Given information:
○ ○ ○ ○

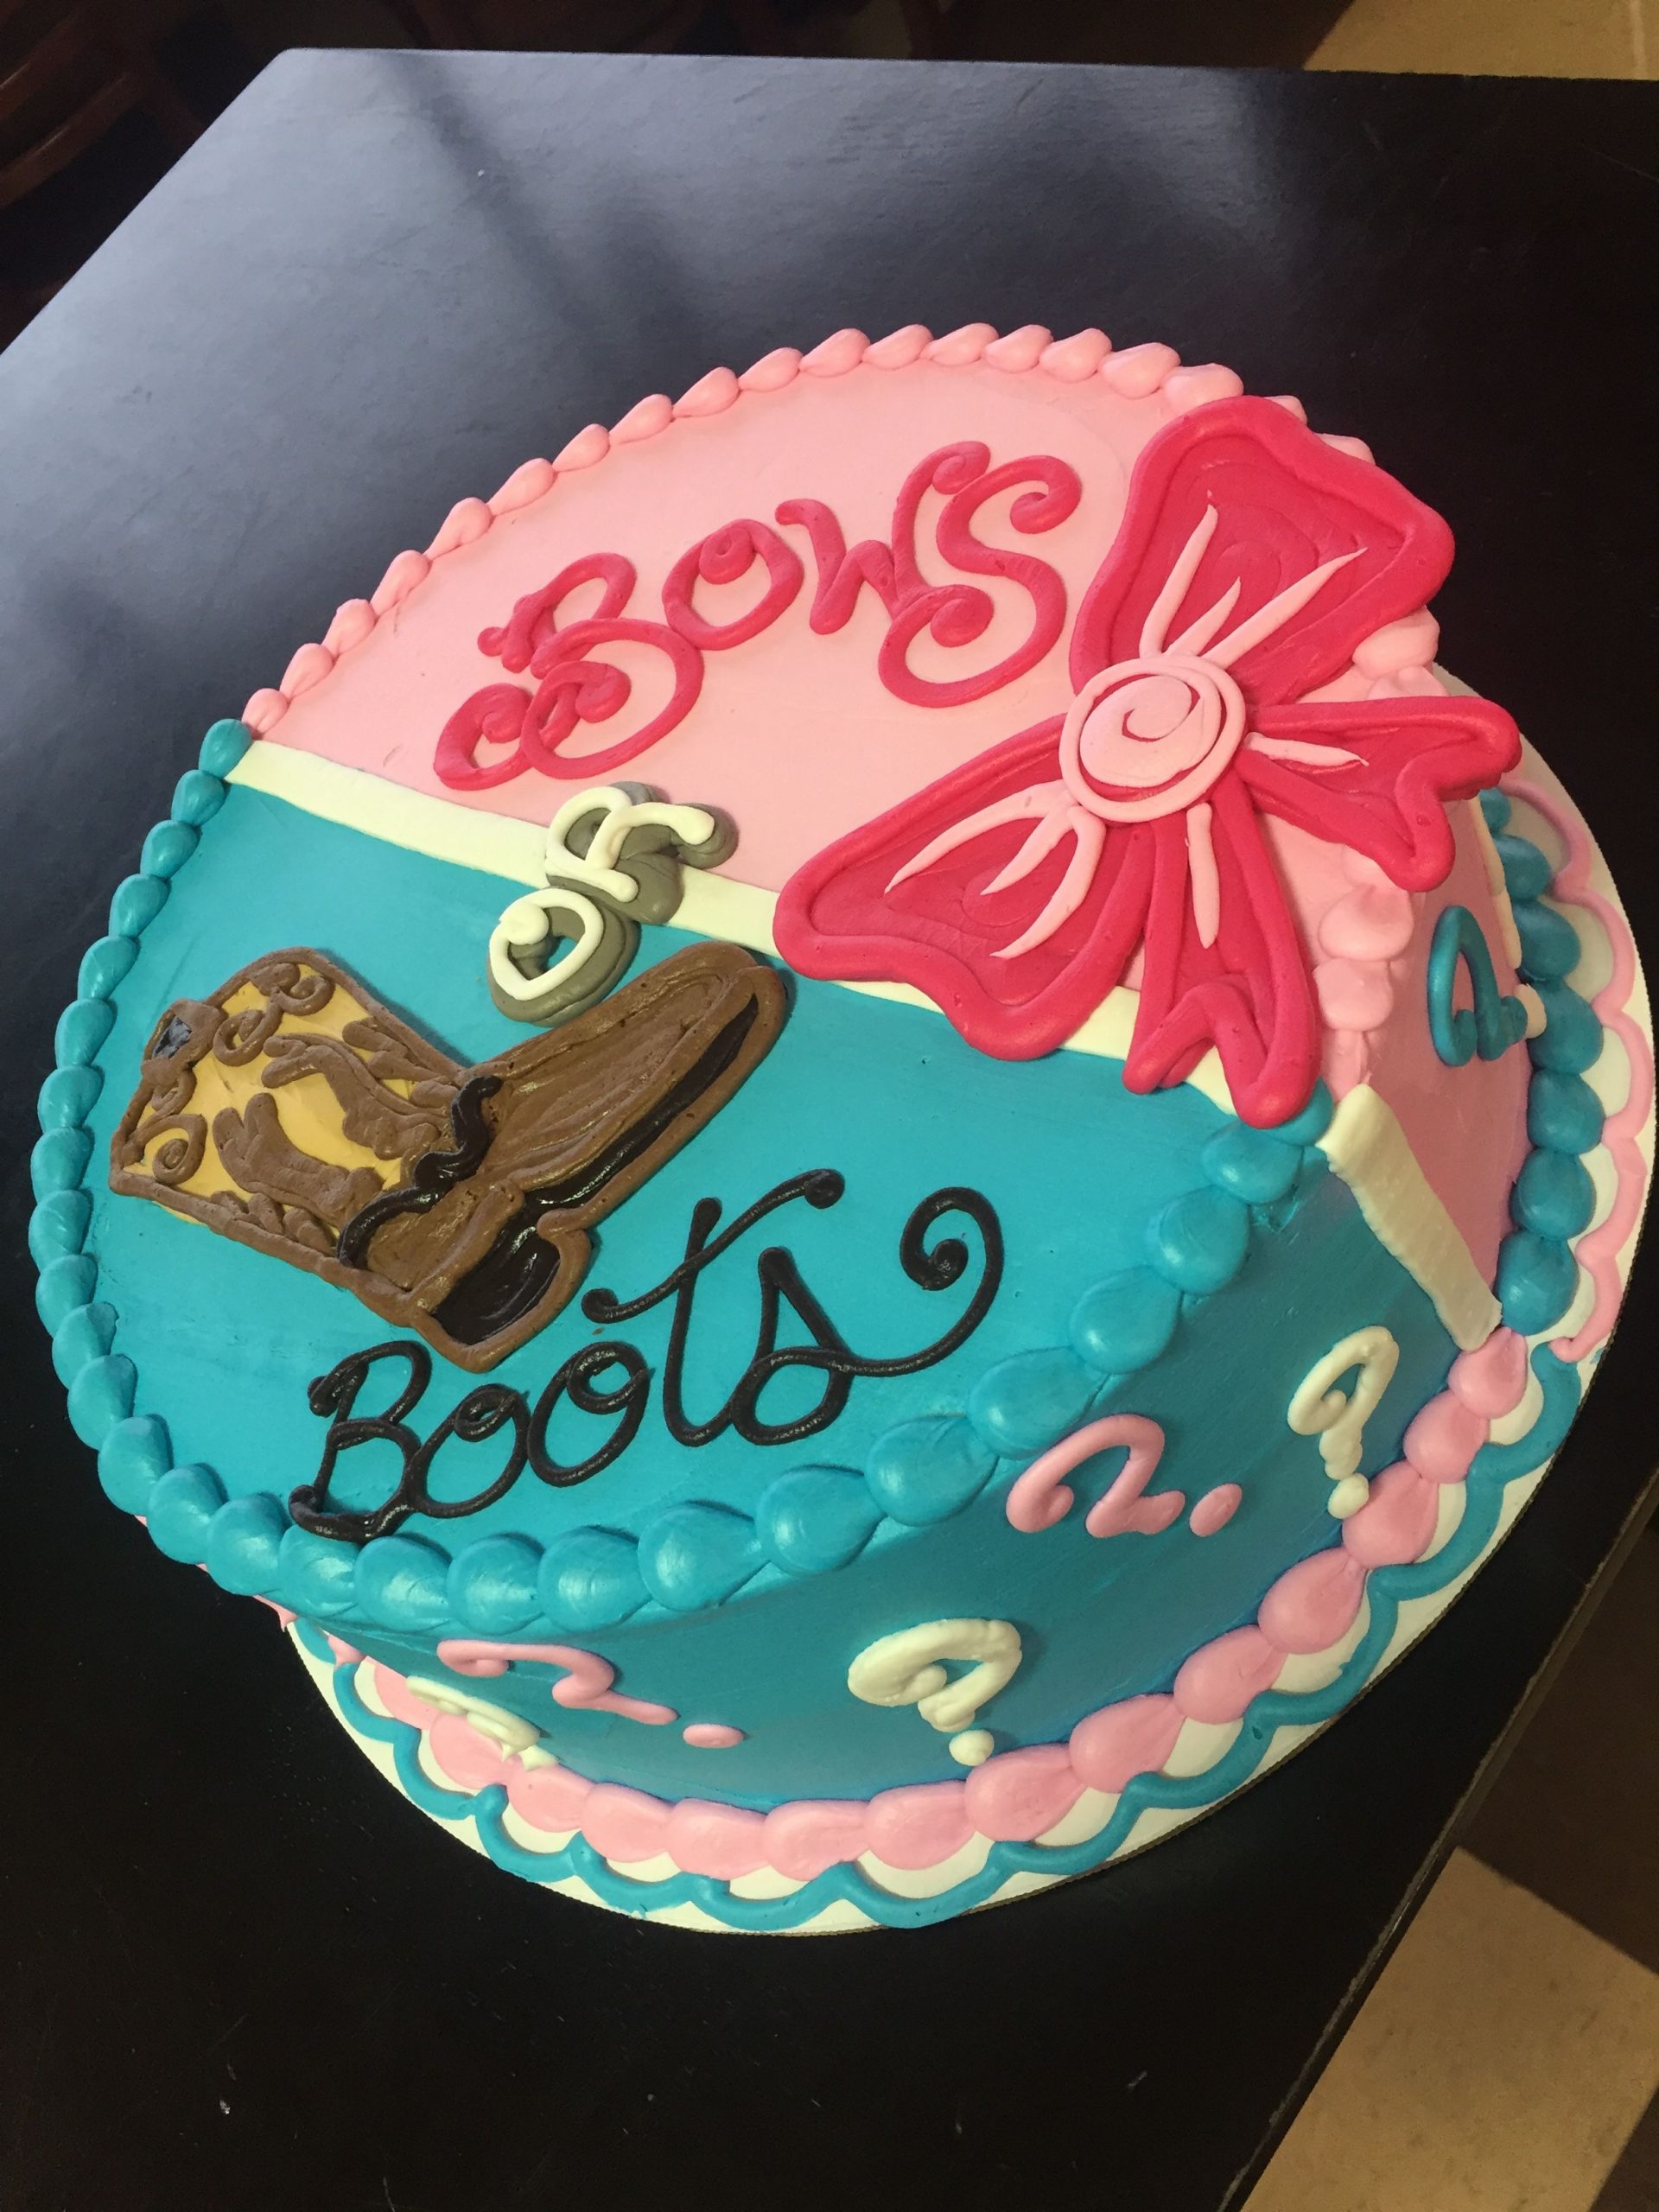 Boots or Bows Gender Reveal Cake
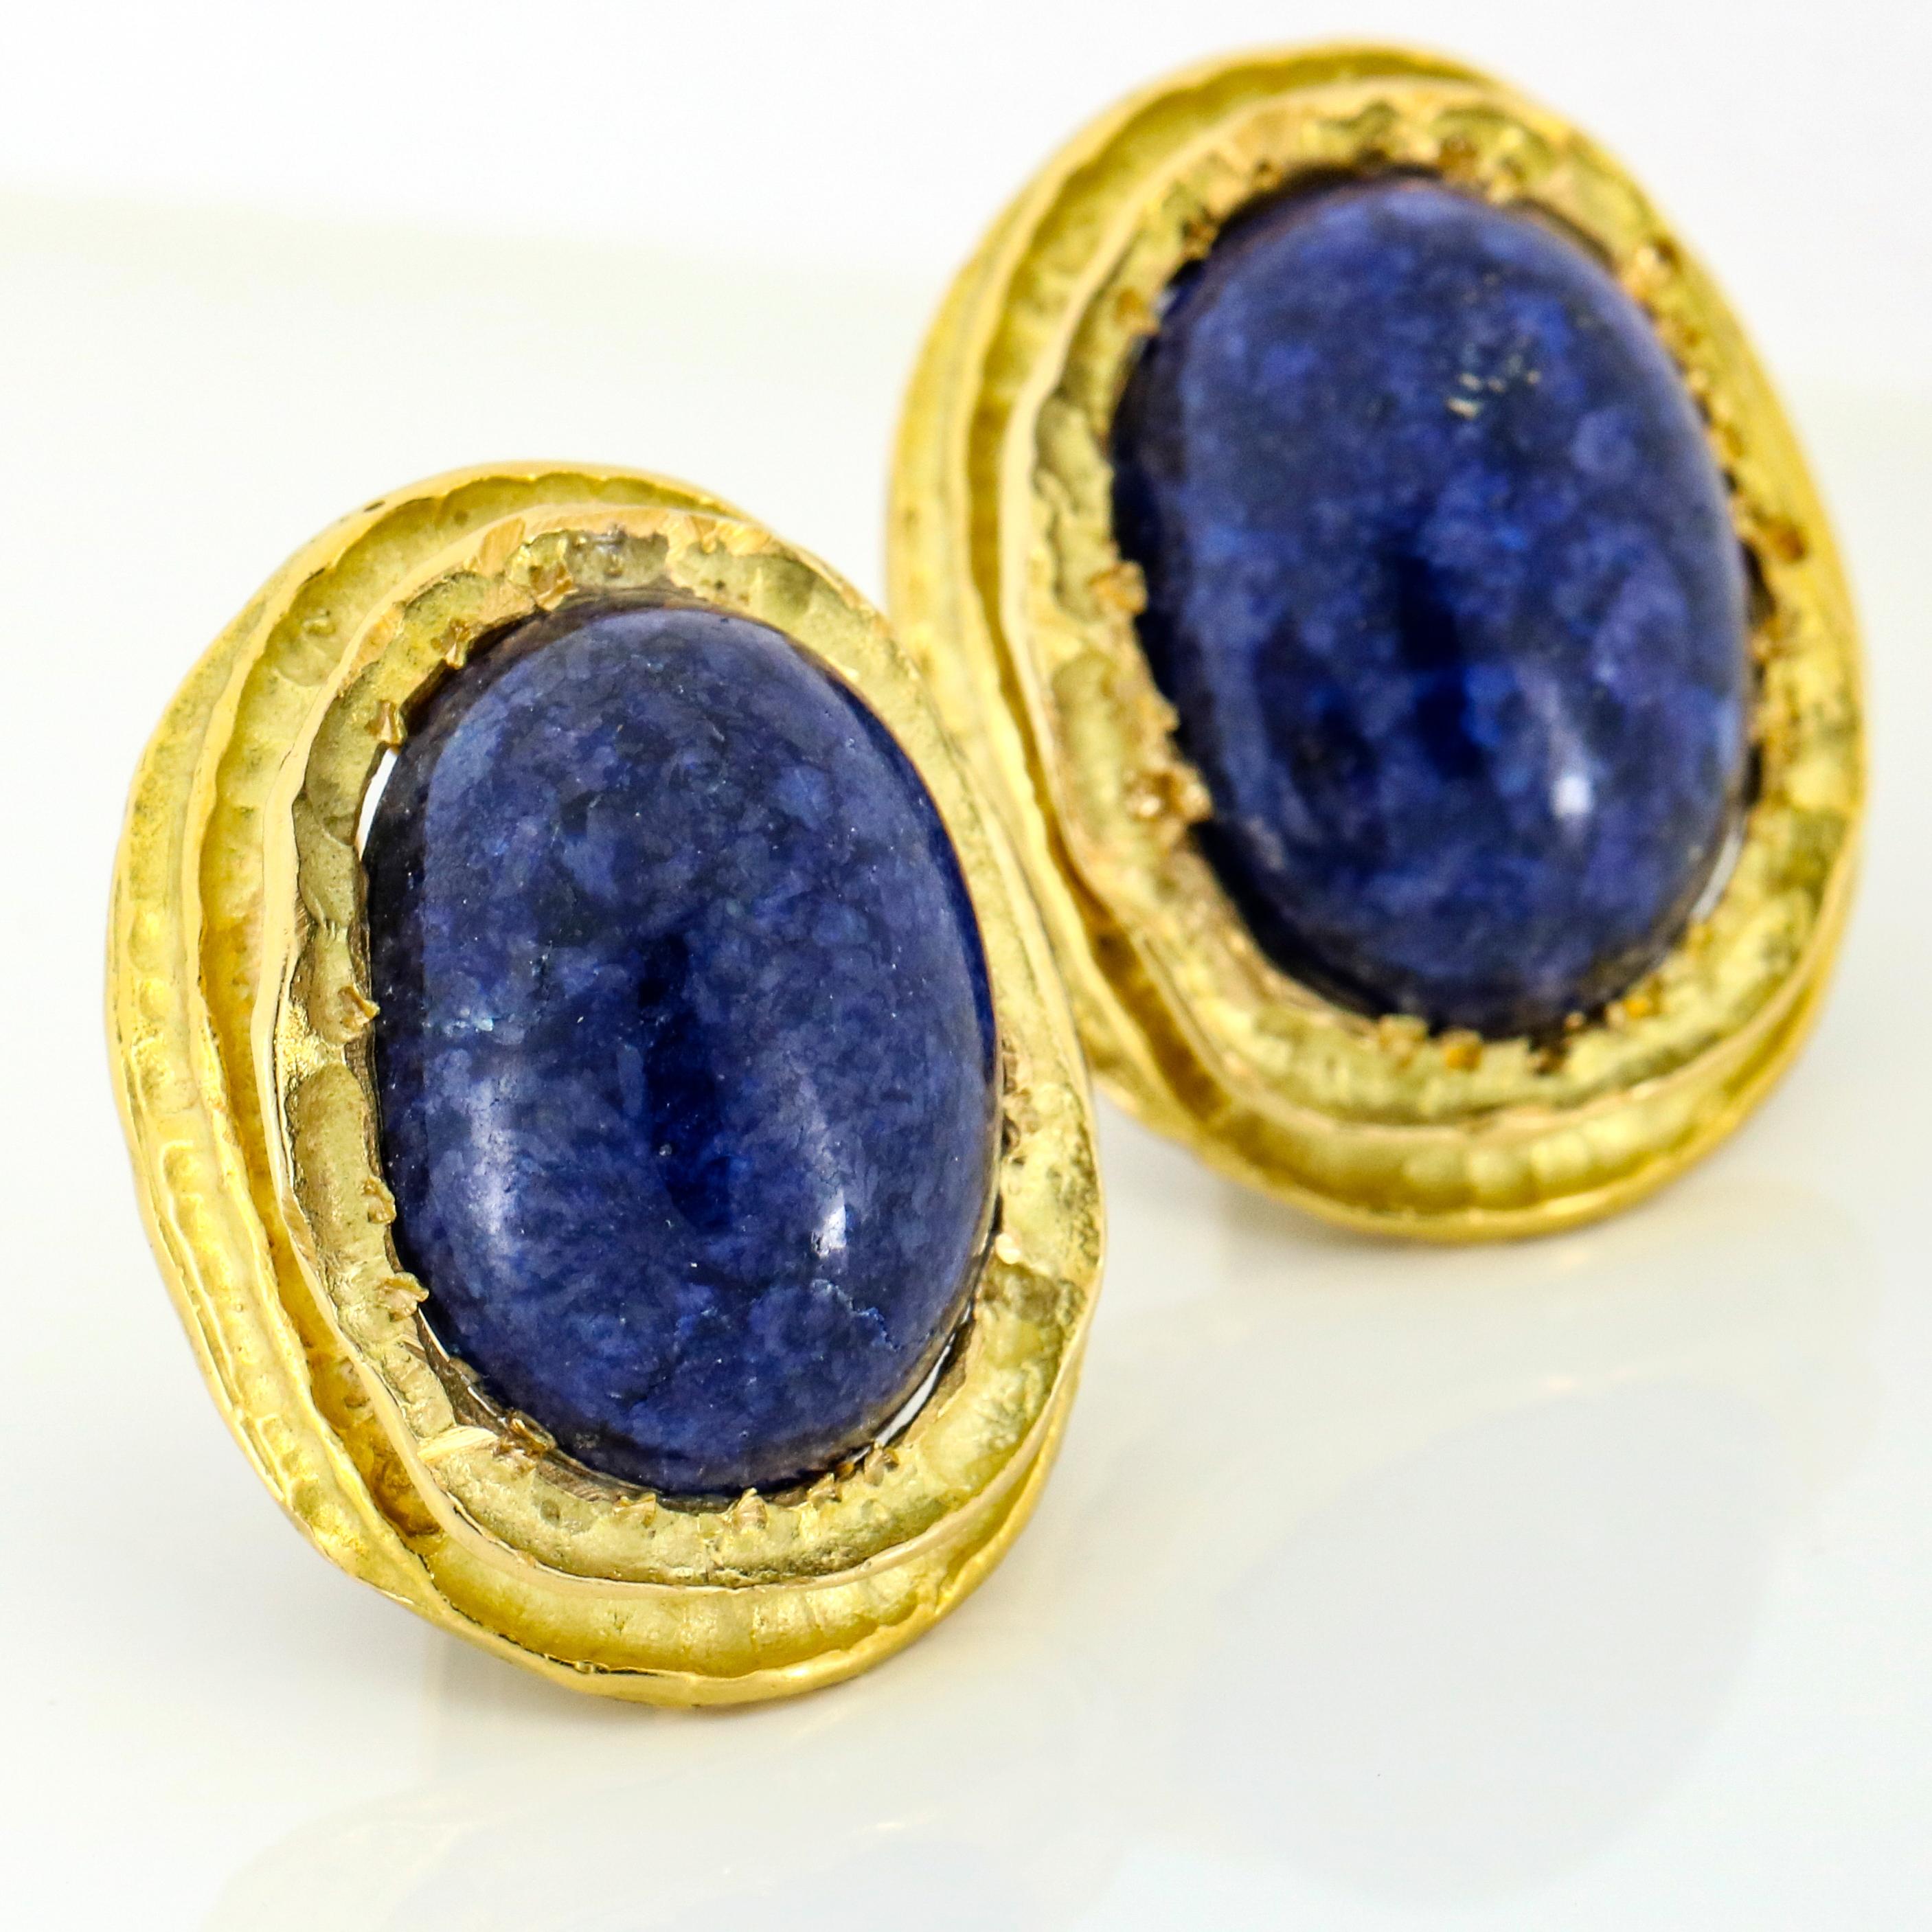 Franck's 18 Karat Yellow Gold Sodalite Clip-On Earrings In Excellent Condition For Sale In Fort Lauderdale, FL
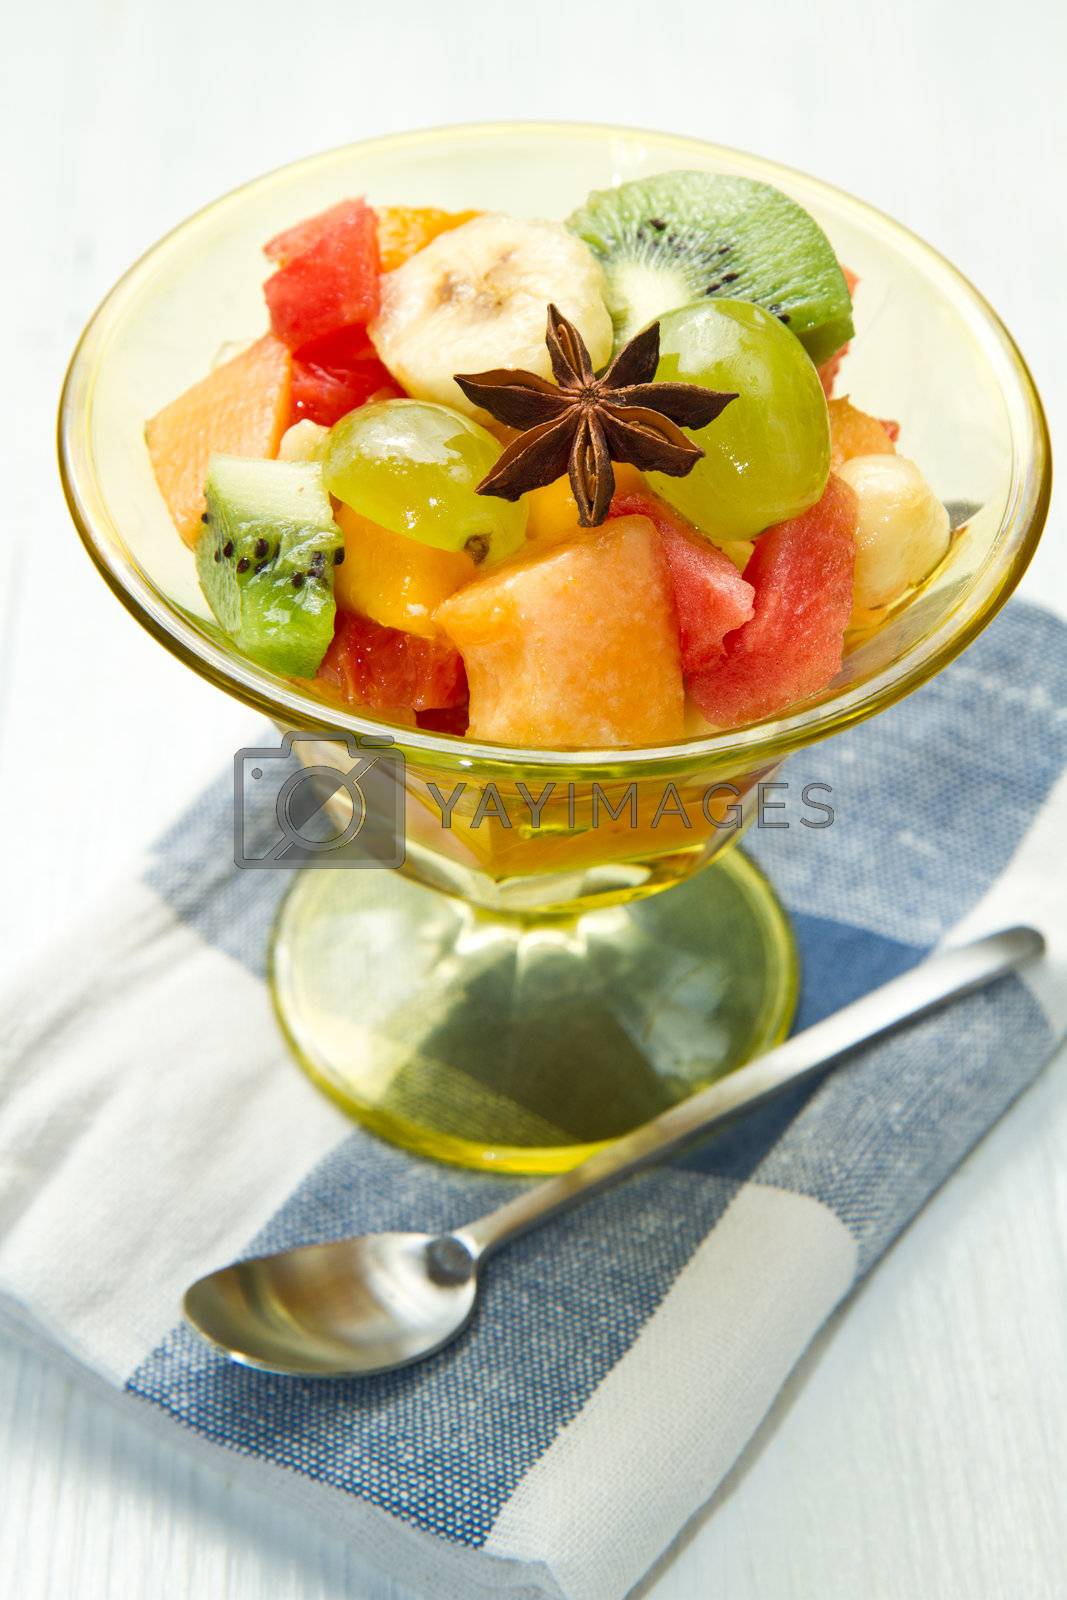 Royalty free image of fruit salad by lsantilli

○ ○ ○ ○

Task:
With the pictures removed, copy the data above word for word.

Exercise response:
 Boots or Bows Gender Reveal Cake
 Franck's 18 Karat Yellow Gold Sodalite Clip-On Earrings In Excellent Condition For Sale In Fort Lauderdale, FL
 Royalty free image of fruit salad by lsantilli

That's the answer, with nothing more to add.